D. MACLISE, R.A.
From the Painting by E. M. WARD. R.A., 1846
RICHARD DOYLE
Inherits a Talent for Drawing—Not Permitted to Study from Models—No Regular Training in Art—A Skilful Amateur—Precocious Sense of Humour—Fanciful Designs—Doyle Joins the Punch Staff—Instructed in Drawing on Wood—His Sign-manual—Retirement from Punch—Not Acquainted with Dickens—His Illustrations for "The Chimes"—Elves and Goblins—An Oversight by the Artist—"The Cricket on the Hearth" and "The Battle of Life"—Doyle's Original Sketches for the Christmas Books Dispersed.
With the single exception of John Leech, Richard Doyle contributed the greatest number of illustrations to the Christmas Books, three of these little volumes containing, in the aggregate, ten designs by him. He was born in London in 1824, his father, John Doyle, being the famous caricaturist, "H.B.," whose political cartoons created much sensation in their day. At an early age Richard Doyle proved that he inherited a talent for drawing, and was encouraged in this direction by his father, who (strange to say) would not allow him to study from the living model, preferring that the boy should be taught "to observe with watchful eye the leading features of the object before him, and then some little time after to reproduce them from memory as nearly as he could." He had no regular training in art, except such as he was privileged to enjoy in his father's studio, the result being that (as Mr. M. H. Spielmann reminds us in his "History of Punch") he never attained a higher position than that of an extremely skilful amateur, "whose shortcomings were concealed in his charming illustrations and imaginative designs, but were startlingly revealed in his larger work and in his figure-drawing.... He was saved by his charm and sweetness, his inexhaustible fun and humour, his delightful though superficial realisation of character, and his keen sense of the grotesque."
Richard Doyle's precocious sense of humour is exemplified in his illustrations for the Comic Histories, executed by him when fifteen years of age, but which were posthumously published. An extraordinary power of fanciful draughtsmanship distinguishes the majority of his designs, so that his pencil was in frequent request for works which demanded the display of this special faculty, such as Leigh Hunt's "Jar of Honey," Ruskin's "King of the Golden River," "Pictures from the Elf World," Planché's "Old Fairy Tales," &c. In 1843, when the artist was only nineteen, he was installed as a member of the regular pictorial staff of Punch, and received instruction in drawing on wood from Joseph Swain, the engraver for that journal. Richard Doyle was familiarly known to his intimate friends as "Dicky Doyle," which probably suggested his sign-manual of a little dicky-bird perched upon his initials, R.D.,—a signature that may be found appended to a very considerable number of cuts designed for Punch during a period of seven years—that is, until his retirement therefrom in 1850.
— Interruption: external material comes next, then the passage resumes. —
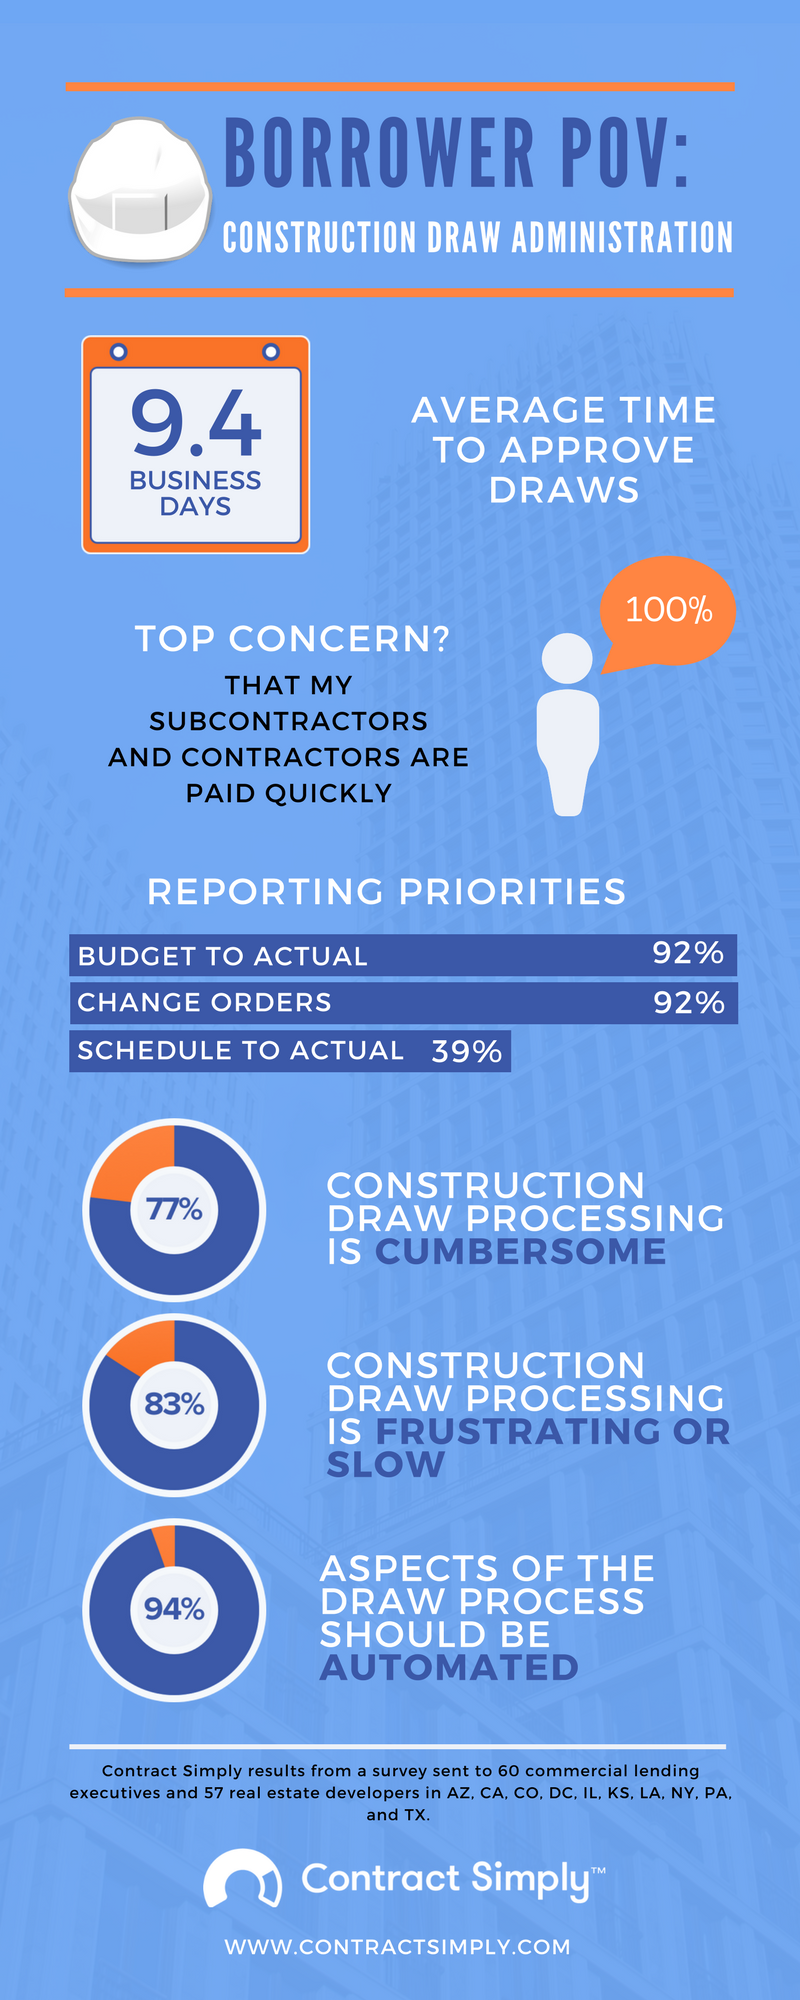 Contract Simply Construction Loan Administration Infographic - Borrower

The Chimes, 1845.Although Doyle furnished illustrations to three of Dickens's Christmas Books, there is no evidence that he was ever personally acquainted with the novelist. No reference is made to the artist by Forster, nor does it appear that any correspondence passed between him and Dickens, the necessary instructions being apparently transmitted through the publishers. The earliest Christmas story with which we find him associated is "The Chimes," to which he supplied four illustrations, viz., "The Dinner on the Steps," "Trotty at Home," "Trotty Veck among the Bells," and "Margaret and her Child." His designs embellish the initial pages of each chapter, and are treated in a decorative and fanciful manner. In the first of these it will be noticed that the upper portion consists of a representation of the tower of St. Dunstan's Church in Fleet Street,—a subject repeated by Clarkson Stanfield, R.A., in a subsequent illustration. In the other woodcuts the artist exhibits his acknowledged skill in delineating elves and goblins, that depicting Trotty among the Spirits of the Bells affording a delightful example of his wonderful power in portraying goblin-like creatures, with their weird expressions and varied postures. Apropos of this engraving, a curious oversight has been discovered by the Rev. H. R. Haweis, for Doyle has introduced only three bells, thus seeming to have forgotten that four are required to ring a quarter! The subject of the remaining design, where Margaret, with her babe, kneels at the river's brink, is replete with pathos, the impression of desolation and despair being admirably rendered by means of a few simple lines.